Download Free The Church And The Liberal Society Book in PDF and EPUB Free Download. You can read online The Church And The Liberal Society and write the review.

Liberalism forms the dominant political ideology of the modern world, but despite its pervasive influence, this is the first book-length treatment of liberal political thought from a Christian theological perspective. Song discusses the different aspects and interpretations of liberalism with reference to the critiques of three twentieth-century theologians: the American Protestant Reinhold Niebuhr on the liberal progressivist philosophy of history; the lesser-known Canadian George Grant on the threat of technology to fundamental liberal values, as articulated in the recent work of John Rawls; and the French Thomist Jacques Maritain on the defence of political pluralism. Further to this, Song explores the implications of this political theology for the issues in fundamental constitutional theory raised by a bill of rights and judicial review of legislation, and concludes with an account of the critical but supportive stance of liberalism Christian theology should take.

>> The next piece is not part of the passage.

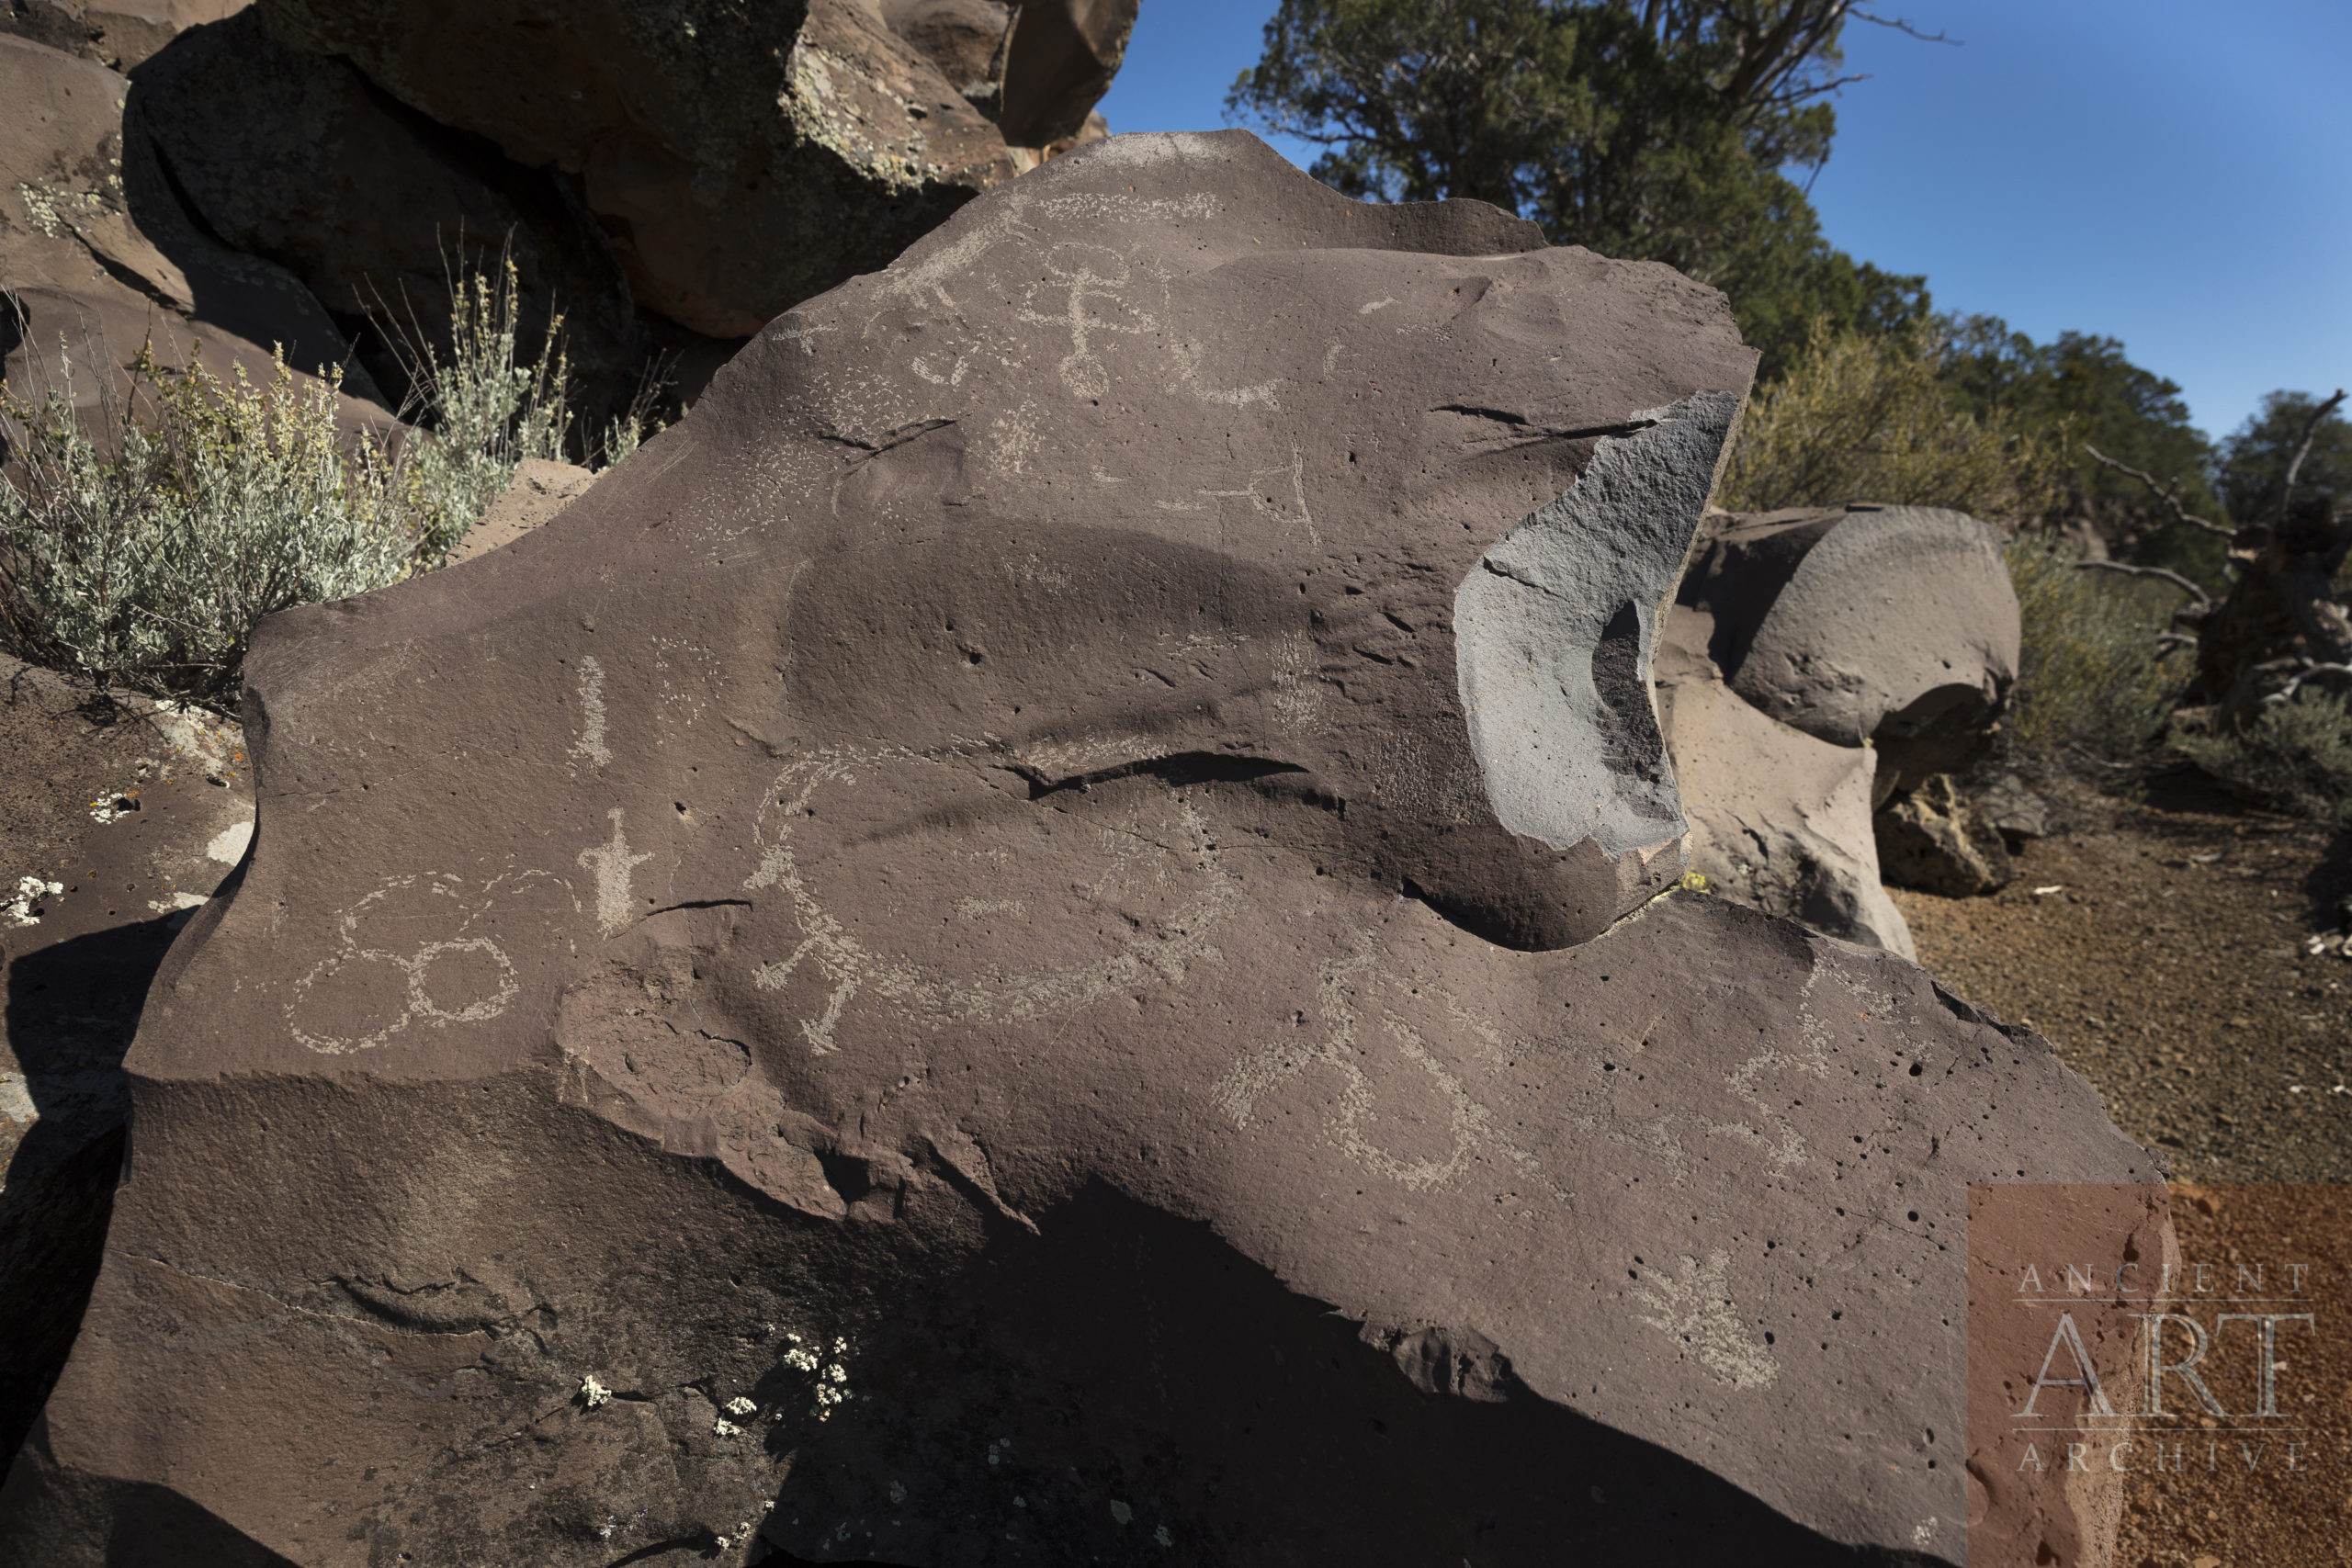 Nampaweap petroglyph site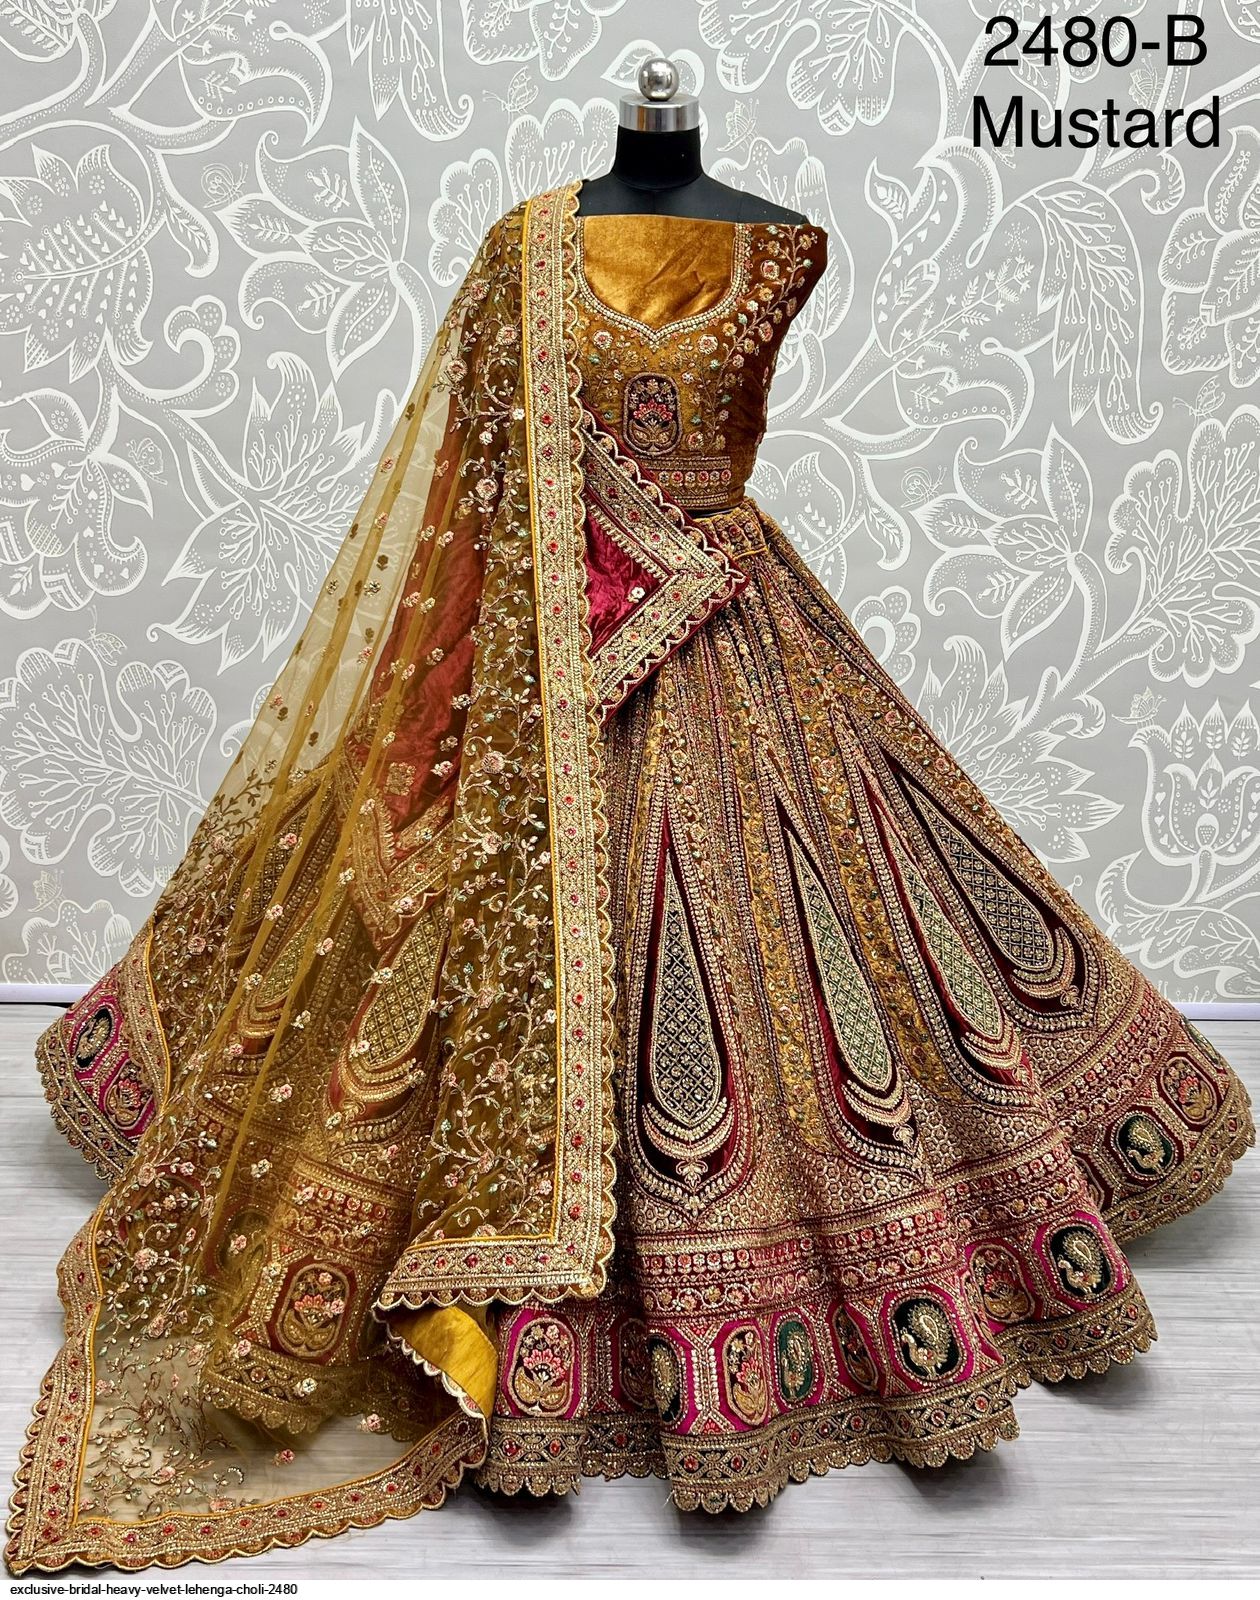 Tamannah in Sabyasachi - South India Fashion | Indian fashion dresses,  Fashion, Indian wedding outfits

The body of this book is concerned with the three-centuries-long fight between Liberalism and its arch-foe, the Catholic Church. Even in its heyday as a creed. Liberalism's self-destructive tendency was unmistakable, and it was to this suicidal capacity that the Church pointed countless times in the course of controversy. In the perspective of the possible intimate link tween Liberalism and Dictatorship, the role of the Church as defender of basic freedom is brought into clearer focus.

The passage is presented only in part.